HOUSING: Panel OKs inclusionary zoning change From Page 1
D.C. Office of Planning. With less mortgage assistance available from lenders like Fannie Mae, the Federal Housing Administration has picked up much of the slack. But in the District and other jurisdictions, federal laws have conflicted with local affordability agreements, which haven’t yet addressed what happens to an affordable condo if the lender later forecloses. Legally, the housing administration can’t assist with bank loans for affordable properties unless their terms of affordability would expire with foreclosure. In D.C., ASL Development Corp.’s four-story condo building at 2910 Georgia helped magnify this problem. The building went up in 2010, with market-rate units going for $342,211. The project also offered two affordable two-bedroom units — one at a low-income price of $124,900; the other for a moderate-income price of $235,800. Federal financing “has certainly been a complicating factor” in the sale of those affordable units, said Art Rodgers, the city’s senior housing planner. “They had some people who were interested in buying them who were denied FHA financing.” These two units were the very first produced under the District’s inclusionary zoning program, which took effect in 2009 after years of wrangling. The program requires developers to set aside a share of new units to be sold at below-market rates, in an attempt to maintain the city’s affordable-housing stock. And to date, the two Georgia Avenue units are the only ones made available for either sale or rent through mandatory inclusionary zoning, Rodgers said.
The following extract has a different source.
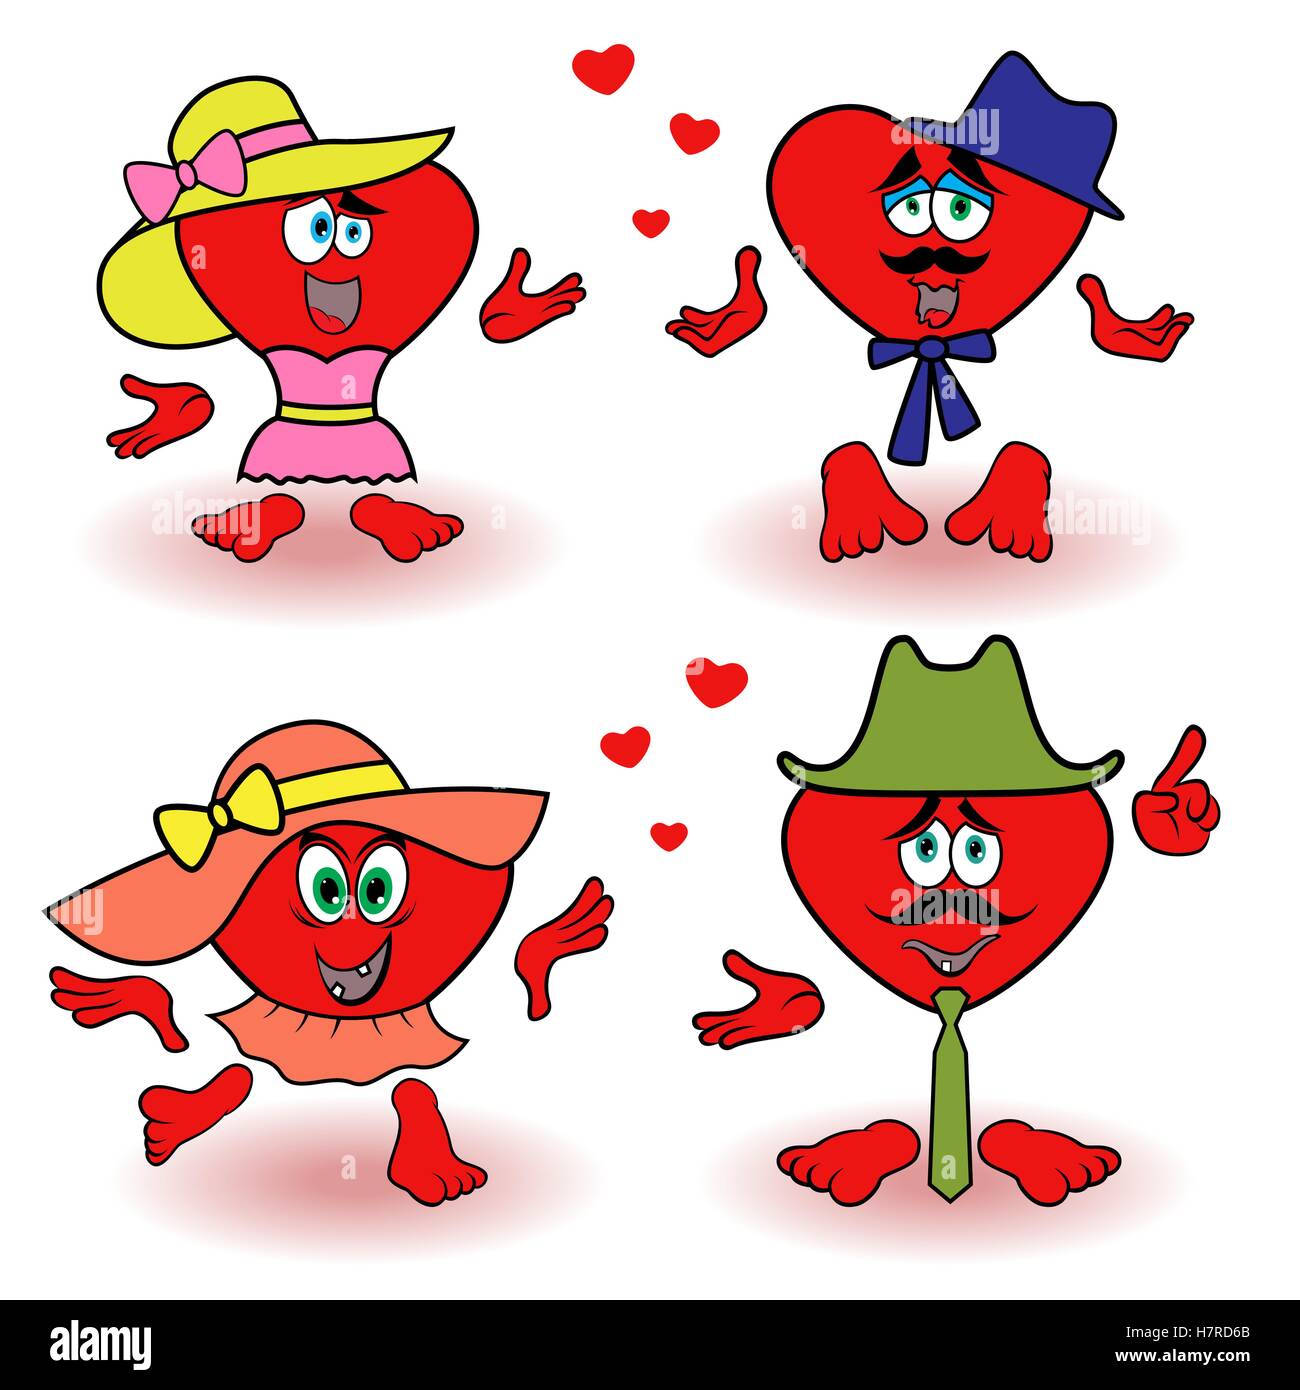 Amüsant, zwei paar rote Herzen zu lieben, Valentine Cartoon Vektor-Illustrationen isoliert auf weißem Hintergrund Stock Vektor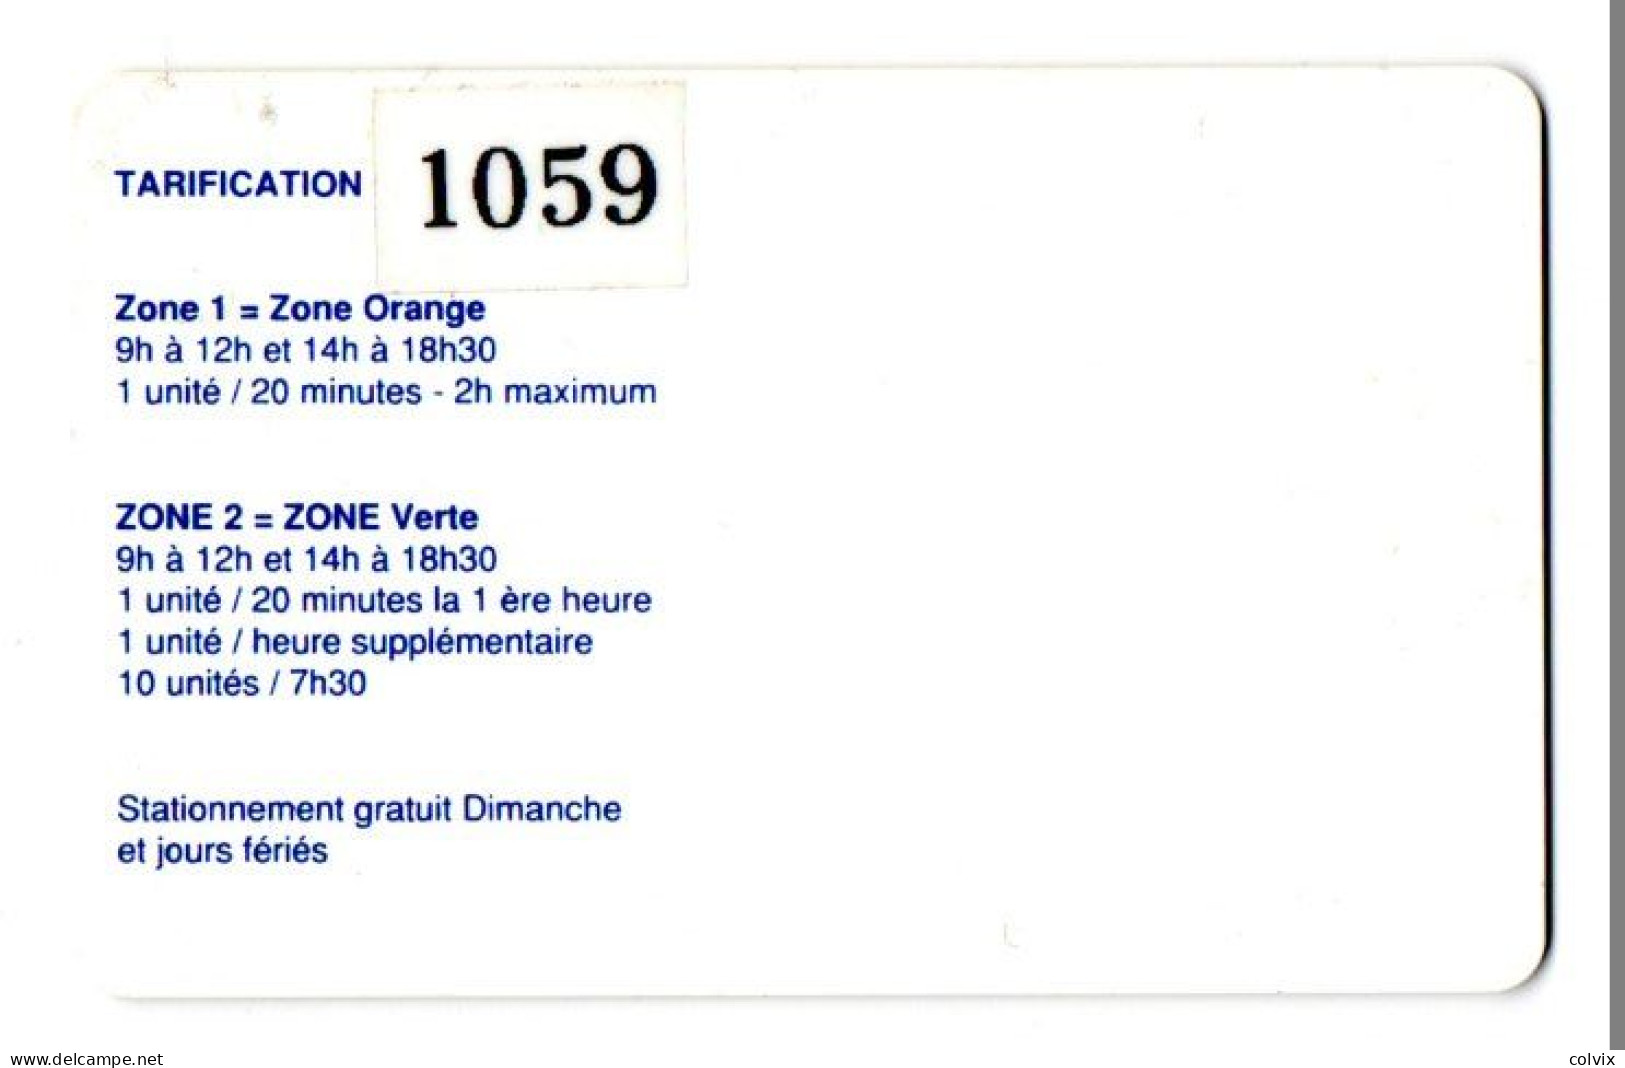 PIAF ROCHEFORT - Ref PIAF 17300-3 200U Date 07/94 1000 Ex LA FAYETTE Avec Autocollant Au Verso - Cartes De Stationnement, PIAF

One major reason for the program’s slow start, said Cort, is that it was finalized right at the time “the economy started to go bust [and] … housing construction had come to a standstill.” Those impacts are still felt today — a lot of the city’s current construction projects were
conceived years ago, so they’re exempt from inclusionary zoning. But Cort said “the pipeline is about to explode” with new projects. The D.C. Department of Housing and Community Development, in a report this spring, found that 930 inclusionary zoning units were under development. Though many of these are rental units — for which financing issues wouldn’t come into play — the problem with the Federal Housing Administration would have complicated the process for a number of for-sale units. In voting unanimously last week to approve an emergency amendment, the D.C. Zoning Commission allowed the city to sync its rules with the housing administration’s procedure. Generally, the changes mean that affordability provisions will expire when a foreclosure occurs. Rodgers told zoning commissioners at their July 30 meeting that the change should help “broaden the availability of credit,” allowing more low- and moderateincome buyers to get federal assistance with loans. In an interview, Rodgers described how the new system attempts to prevent foreclosure before it can even happen. “It allows an early-warning system,” he said, triggering the city to intervene in at-risk cases. The city is also looking at the problem long-range, Rodgers said — for example, investigating why Fannie Mae isn’t helping with loans for affordable units. Officials are also looking at setting up a reserve fund that could help create protections for foreclosure risk, he said. For the short term, Cort said, zoning commissioners took the right action. “These units have been on the market for far too long; we need to just move them out,” she said. “It’s far better to prevent foreclosure than to be caught up in the conflict that’s happened with FHA.” A public hearing will take place on the amendment before the commission adopts a permanent rule change.